На привычные сплетни маленьких городов накладывалось улавливание неосторожных слов, наушничание; питаемые завистью к лишней комнате соседа доносы. Жить тут было душновато.
Впрочем, я сколько мог бывал в Москве, куда влекли завязывавшиеся первые робкие связи с редакторами, достаточно смелыми, чтобы снабжать работой, не вдаваясь в обстоятельства моей биографии. Не помню, кому я был обязан первыми контактами в ИЛе — издательстве иностранной литературы, где мне стали поручать переводы. На первых порах помогли знакомства моей сестры Натальи Голицыной, сведшей меня с внуком настоящего Толстого Сергеем Сергеевичем, публиковавшим свои учебники английского языка в этом издательстве, и с вдовой советского Толстого Людмилой Ильинишной, принадлежащей столичному бомонду и соизволившей отнестись ко мне благосклонно. У нее, само собой, были на кончике телефонного провода самые влиятельные товарищи.

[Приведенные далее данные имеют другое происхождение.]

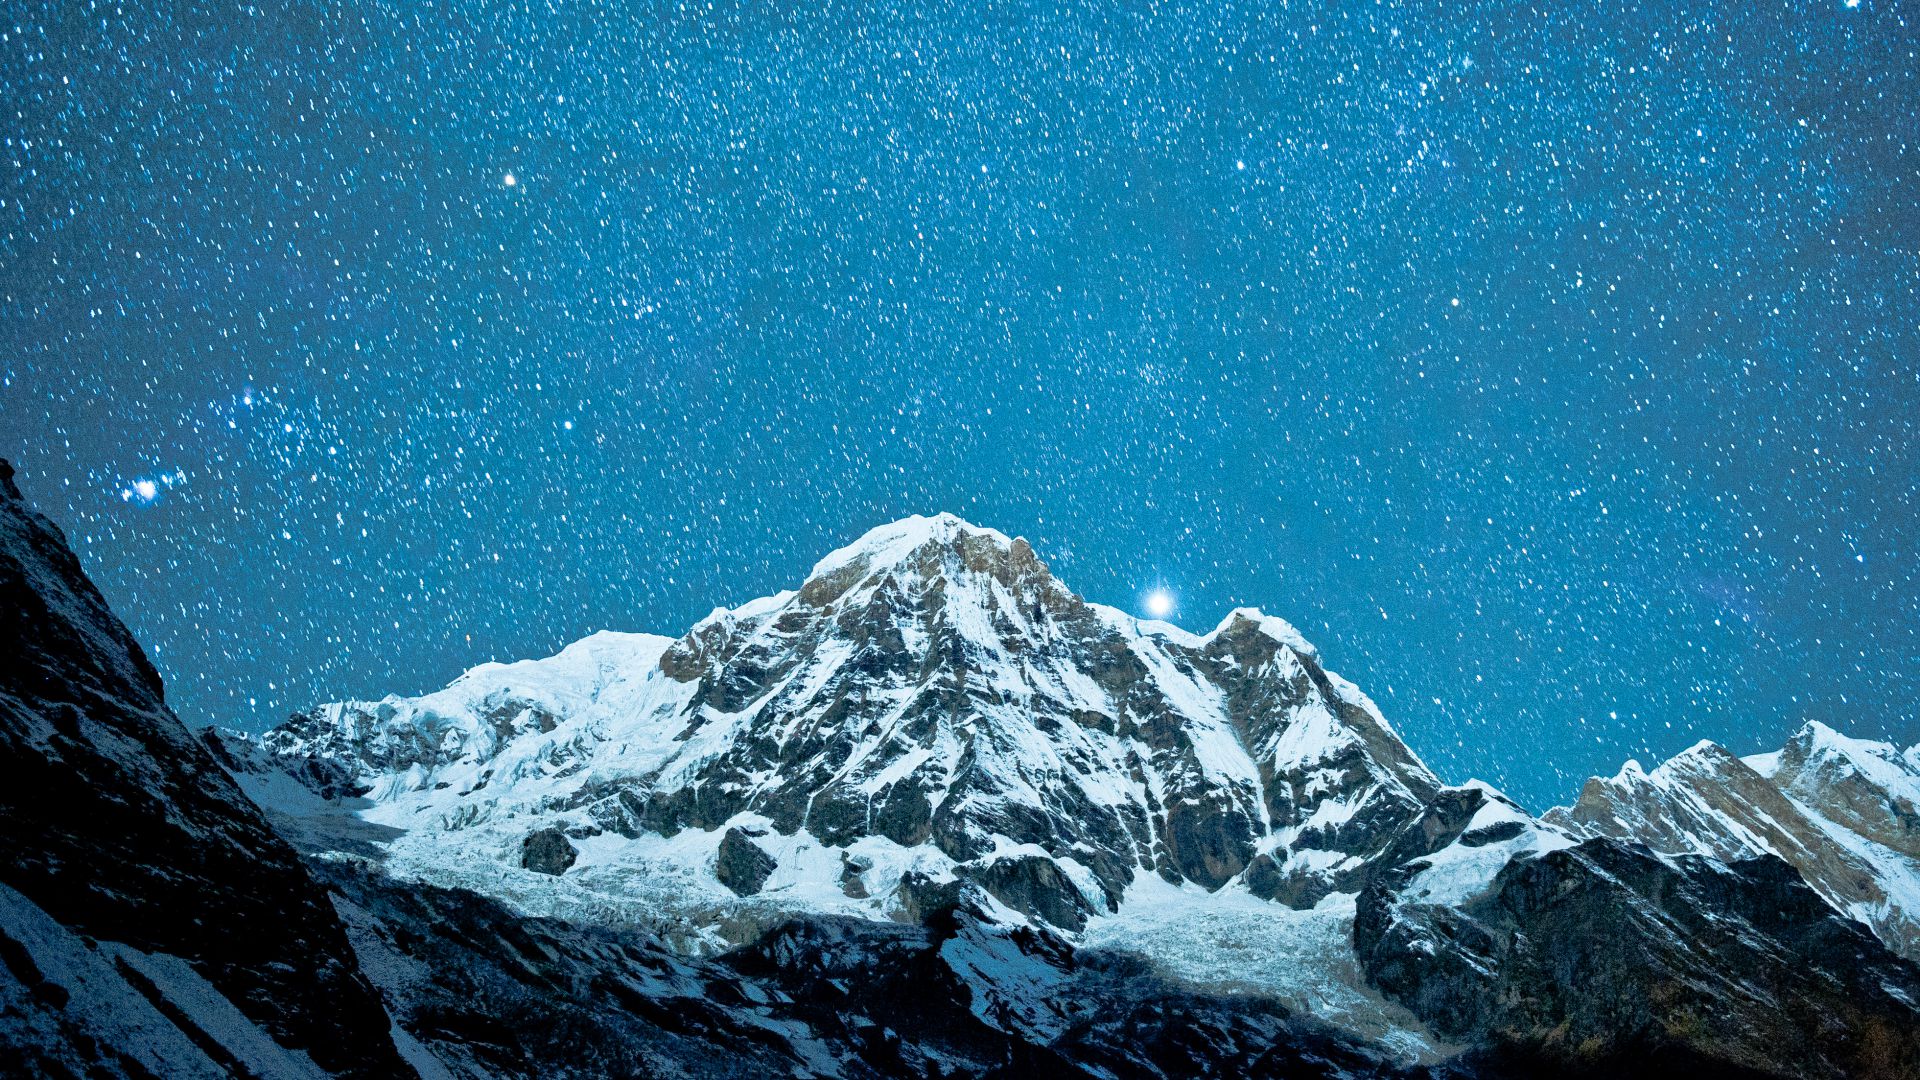 Непал, 5k, 4k, Гималаи, ночь, звезды, Nepal, 5k, 4k wallpaper, Himalayas, night, stars (horizontal)
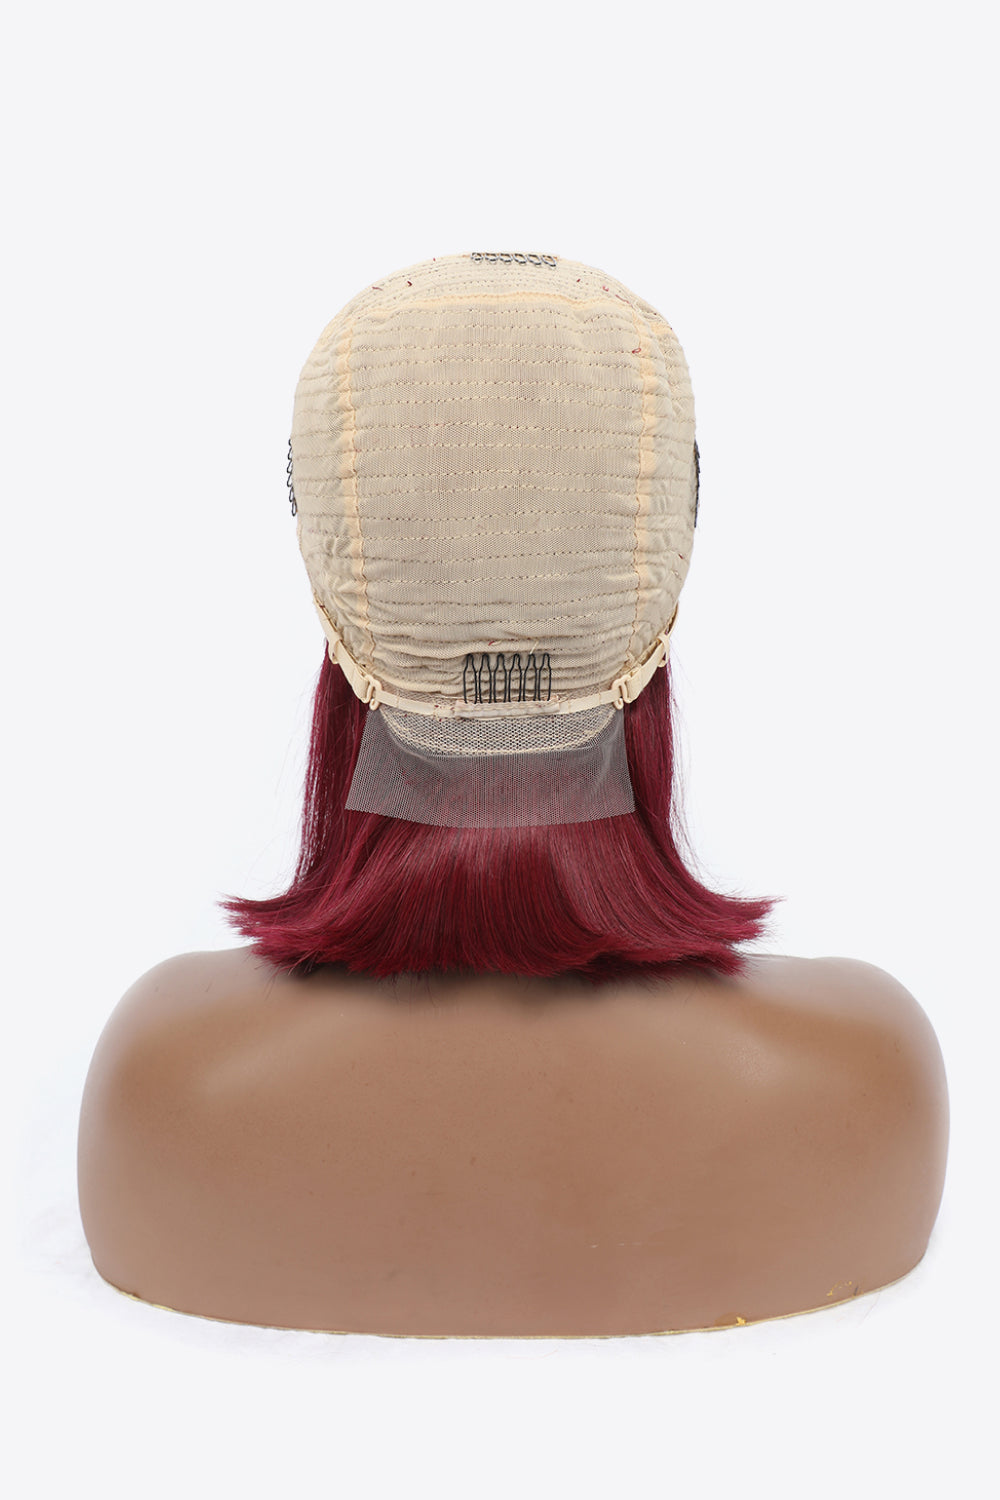 #99j Lace Front Wig

Она входила в избранный чекистско-литературный салон снохи Горького и могла позвонить кому-либо из непосредственного окружения Берии, кремлевскому церемониймейстеру слинявшему графу Игнатьеву, расшаркивающимся перед ней заправилам Союза писателей.
Эта львица поставила меня в несколько двусмысленные рамки: встреч со мной отнюдь не избегала и принимала с очаровывающей приветливостью, однако не вводя в кружок своих друзей и знакомцев. Мне назначались — с лестной для меня готовностью — часы и дни, в какие я оказывался единственным гостем. Такт и воспитанность Людмилы Ильинишны искусно вуалировали этот маневр, обусловленный необходимостью не афишировать визиты столь чуждого элите гостя. Из длинных «тэт-а-тэтов» за музейно сервированным столом (покойный сталинский лауреат, как известно, не зевал по части приобретения антиквариата!) был изящнейшим образом раз и навсегда изгнан малейший намек на вольные суждения: нас интересовали только вопросы искусства и апробированные оценки.